There’s nothing like a well-placed expletive. When singer Chris, of Nottingham’s Do Nothing, slurs his jarring narrative “leave people in the dark long enough and they’re bound to start fuckin’ each other” on single ‘Gangs,’ it’s impossible to shake off thoughts of Mark E Smith spitting words into a smoky ether. But that’s where the similarity ends. Veering between James Murphy, Alex Kapranos and Alex Turner, it’s suave and stylistic. Each line suggests more of a raised brow than a soul scorned – asking you to question yourself rather than them doing it for you. Oozing a natural self-assurance and showmanship rarely seen in bands so soon in their career, if they carry on like this Do Nothing could very well do something.

 

L.D. MOSES

Following their Glasto headline set, The Cure are having a bit of a moment so the time for Leeds band L.D. Moses to shine should be now.

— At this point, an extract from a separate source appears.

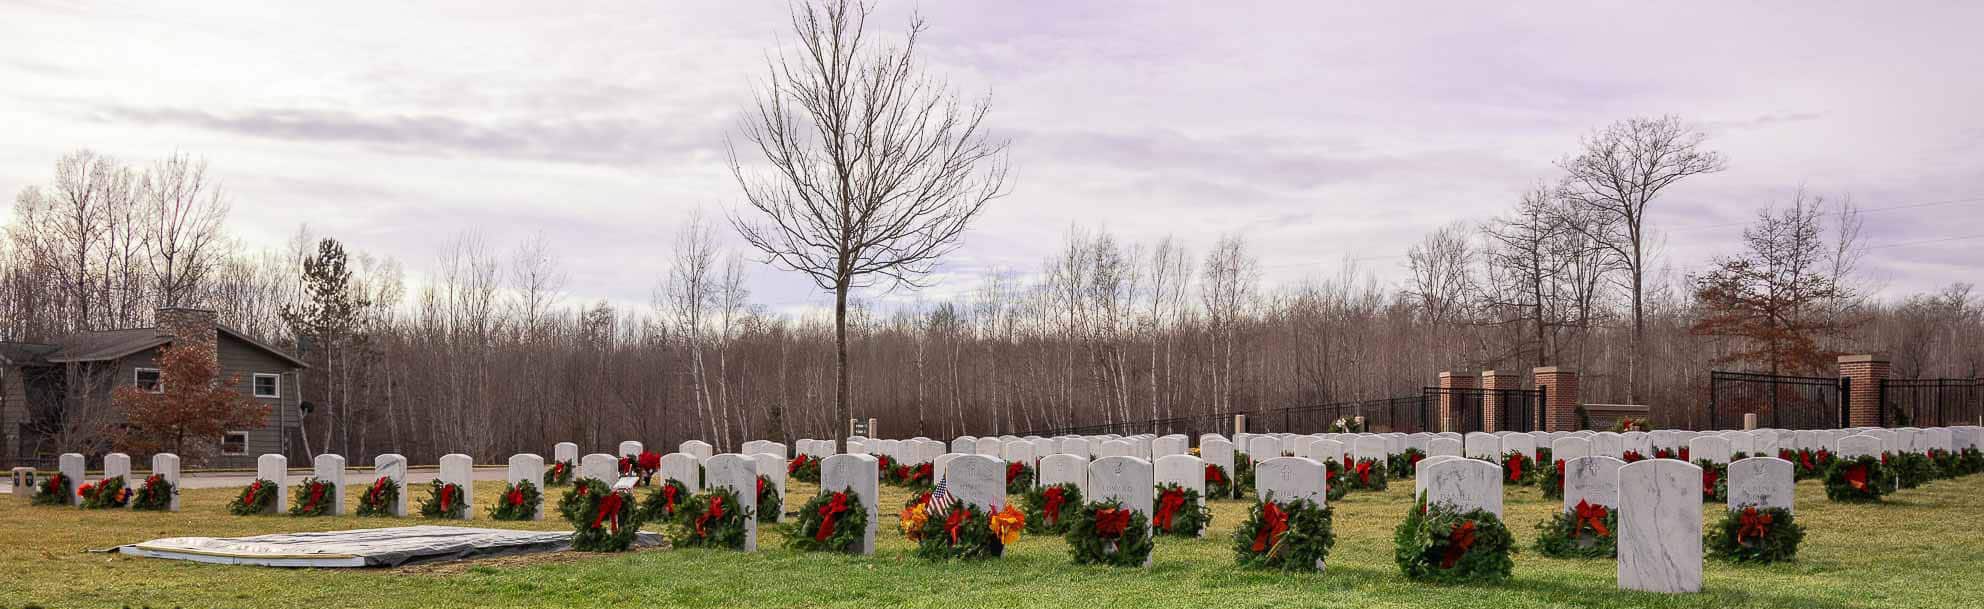 ‘Wreaths Across America’ ceremony held at Northwoods National Cemetery in Harshaw

Through Robert Smith stylings and 80s faded glamour, shards of sparkling Marr-esque riffs cut through smoggy swathes of yearning and misery to create a brutally romantic affair. Recent single ‘Close As The Ceiling’ was released on the ace Manchester-based cassette label run by husband-wife dream team, Ramber Records. Don’t be surprised to stumble across the band on a Stranger Things OST sometime soon.

 

DRY CLEANING

Perfectly poised and reserved, there’s something equally compelling and comforting about Dry Cleaning. Whilst the driven groove of single ‘Magic of Meghan’ appears to be an ode to Harry’s missus, let’s face it; any band who can find joy within bleak landscapes and poke fun at overblown ‘celebrity’ culture deserves your time. Never without their tongues firmly placed in their cheeks, and perhaps a wry smile, the London 4-piece’s debut Sweet Princess EP twangs with more rhythmic guitar, 90s britpop nonchalance and spoken word mantras – apparently inspired by the musings on singer Florence’s notes in her phone. Think of it as a sonic re-imagining of the world, on a bitterly relatable spin cycle.